課題 2: コードの肥大化とドメイン分割
問題の発生
開発が進むにつれ、問題が顕在化しました。
- 単一ファイルの肥大化 -
tools.tsが数百行に膨れ上がった - テストが書きにくい - 依存関係が複雑で単体テストが困難
- 機能追加時のコンフリクト - 複数の変更が同じファイルに集中
リファクタリングの指示
Claude への指示は一言。
「ドメイン分割して」
Claude がやったこと
Claude は大規模なリファクタリングを実行しました。
Before(単一ファイル構造)
src/
├── tools.ts # 全機能が1ファイルに
├── notepm-client.ts # API クライアント
└── __tests__/
└── tools.test.ts # 巨大なテストファイル
After(ドメインベース構造)
src/
├── shared/ # 共有レイヤー
│ ├── config.ts
│ ├── http-client.ts
│ ├── errors.ts
│ └── types.ts
├── mcp/ # MCP レイヤー
│ ├── tools.ts
│ └── handler.ts
├── notes/ # Notes ドメイン
│ ├── types.ts
│ ├── schemas.ts
│ ├── client.ts
│ ├── handlers.ts
│ └── tools.ts
├── pages/ # Pages ドメイン
│ └── ...
├── tags/ # Tags ドメイン
│ └── ...
└── folders/ # Folders ドメイン
└── ...
変更規模: 3,540 行削除、3,097 行追加——実質的な全面書き換えでした。
当該プルリクはこちら。
これが一撃だったのはびっくりですね。
テストカバレッジ 100% 達成
リファクタリング後、Claude は各ドメインに対して包括的なテストを追加し、テストカバレッジ 100% を達成しました。
npm run test:coverage
# ----------------------|---------|----------|---------|---------|
# File | % Stmts | % Branch | % Funcs | % Lines |
# ----------------------|---------|----------|---------|---------|
# All files | 100 | 100 | 100 | 100 |
# ----------------------|---------|----------|---------|---------|
この段階での学び
「ドメイン分割して」の一言で、Claude は適切なアーキテクチャを設計・実装できる。
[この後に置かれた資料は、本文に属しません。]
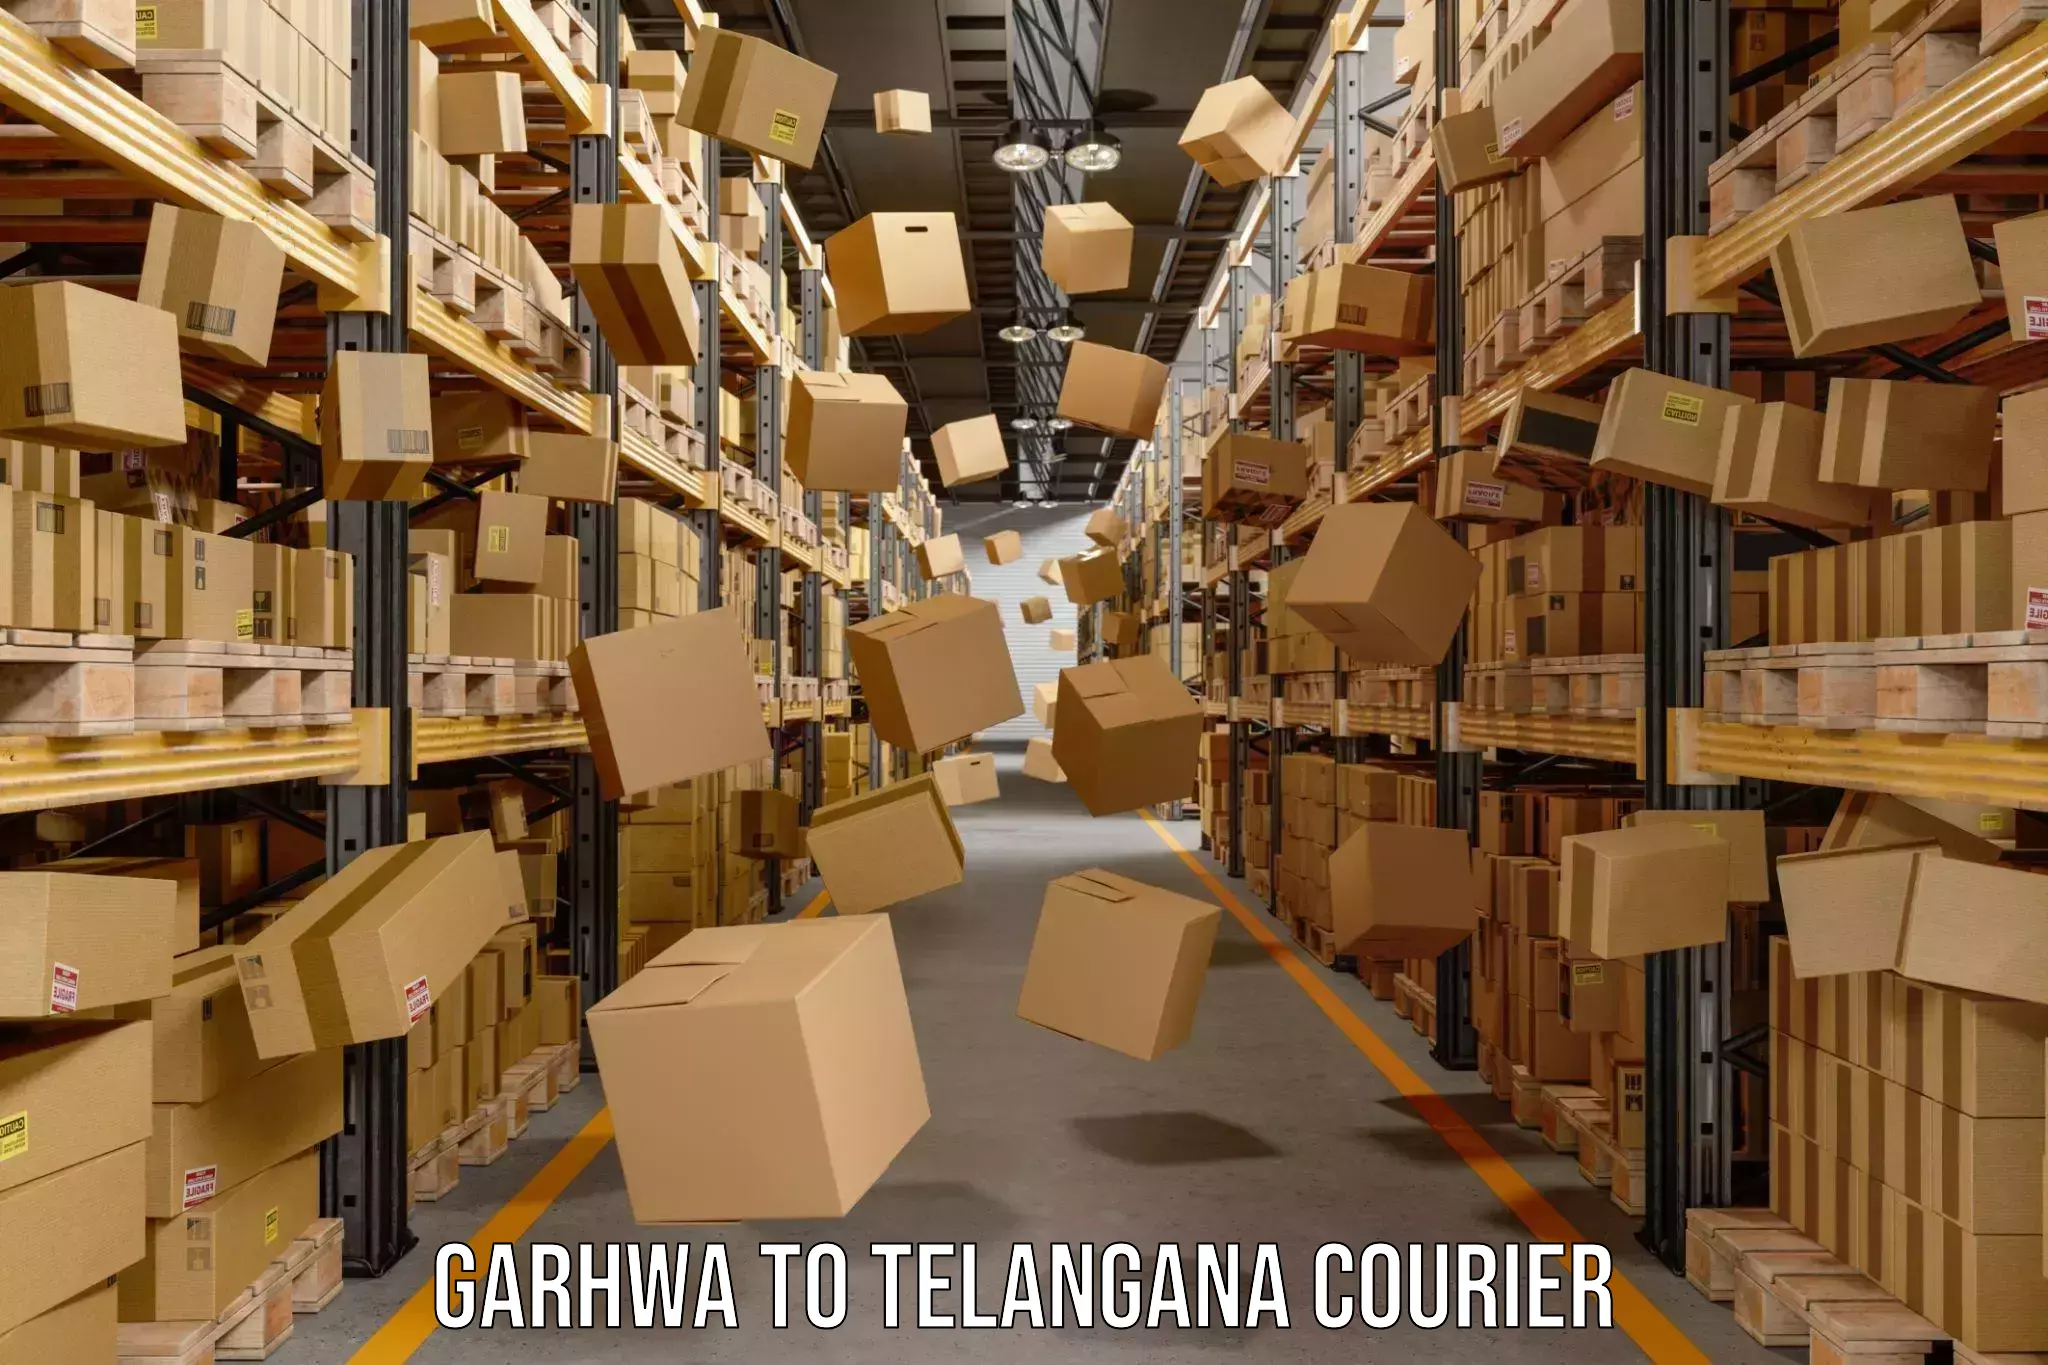 Courier service comparison in Garhwa to Vikarabad
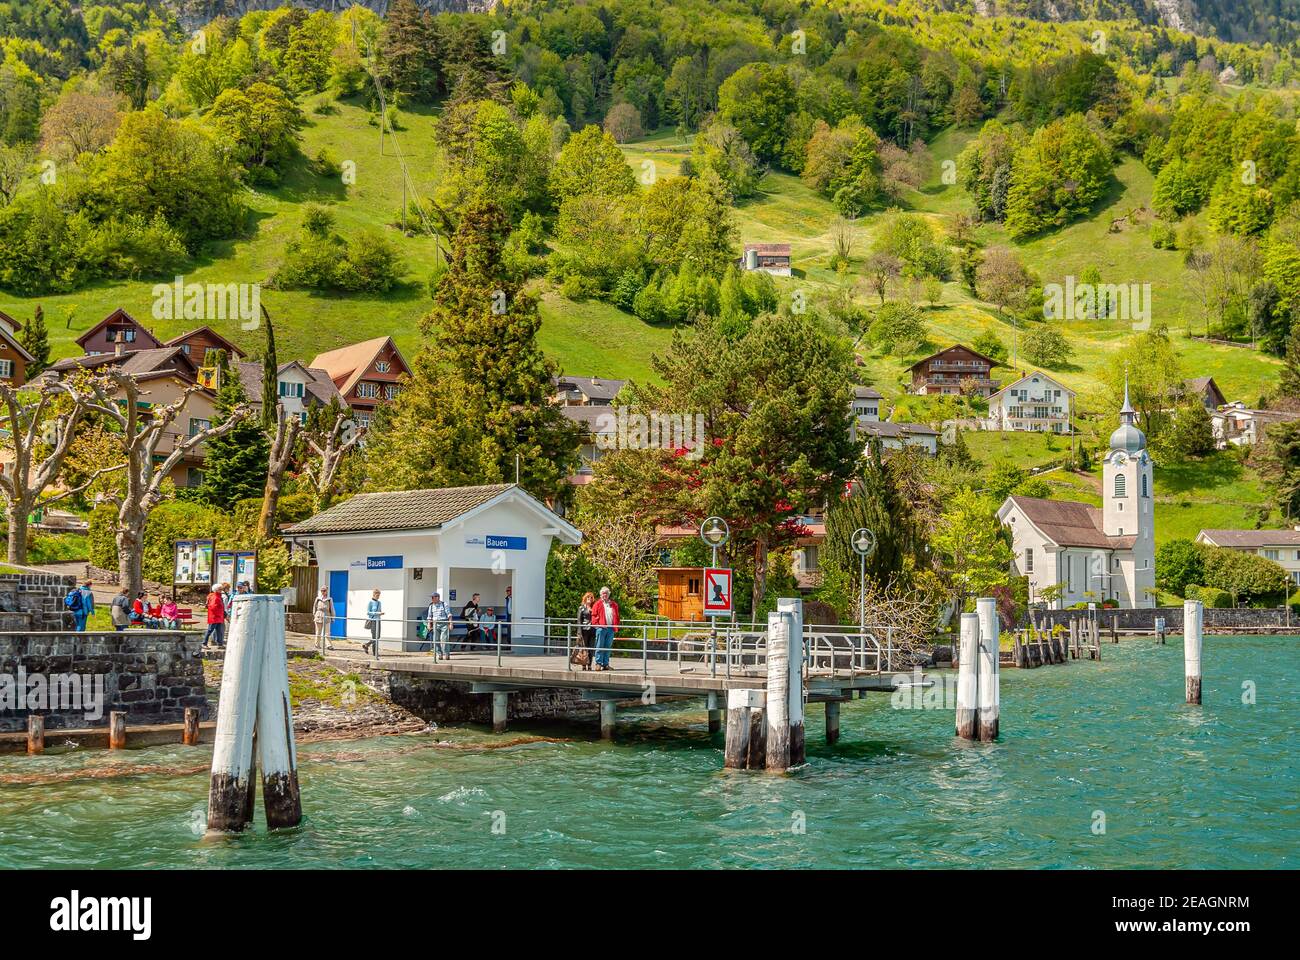 Village Bauen at Lake Lucerne, Central Switzerland Stock Photo

ただし、この規模のリファクタリングを成功させるには、テストが書かれていることが前提です。テストがなければ、リファクタリング後の動作確認ができません。カバレッジが100%というわけではありませんが、前段階でツールそのもののテストコードは書かれてました。
ただし、ここで一つ注意があります。
これは NotePM API を利用したツールなので、当然モックを前提にしています。カバレッジ100%=動作確認ができた。とは限りません。
課題3: 動作確認
前述したようにテストコード作成後でも実際の動作確認をしないと安心できませんでした。
この辺は人間のサガってやつなのかもしれません。
次の命令は明確でした。
今作ったツールをあなたが実際に使って動作確認して
最初 Claude は実際に自分で使うことなく、ツールに MCP で伝わる json をそのツールに渡して動作確認をはじめました。(伝われ)
つまり、実際には「自分で作ったツールを自分で使った」わけじゃなかったです。
私はちょっと困りました。あなたが実際に使って動作確認して欲しかったのに、ツールの動作確認のみを行ったのです。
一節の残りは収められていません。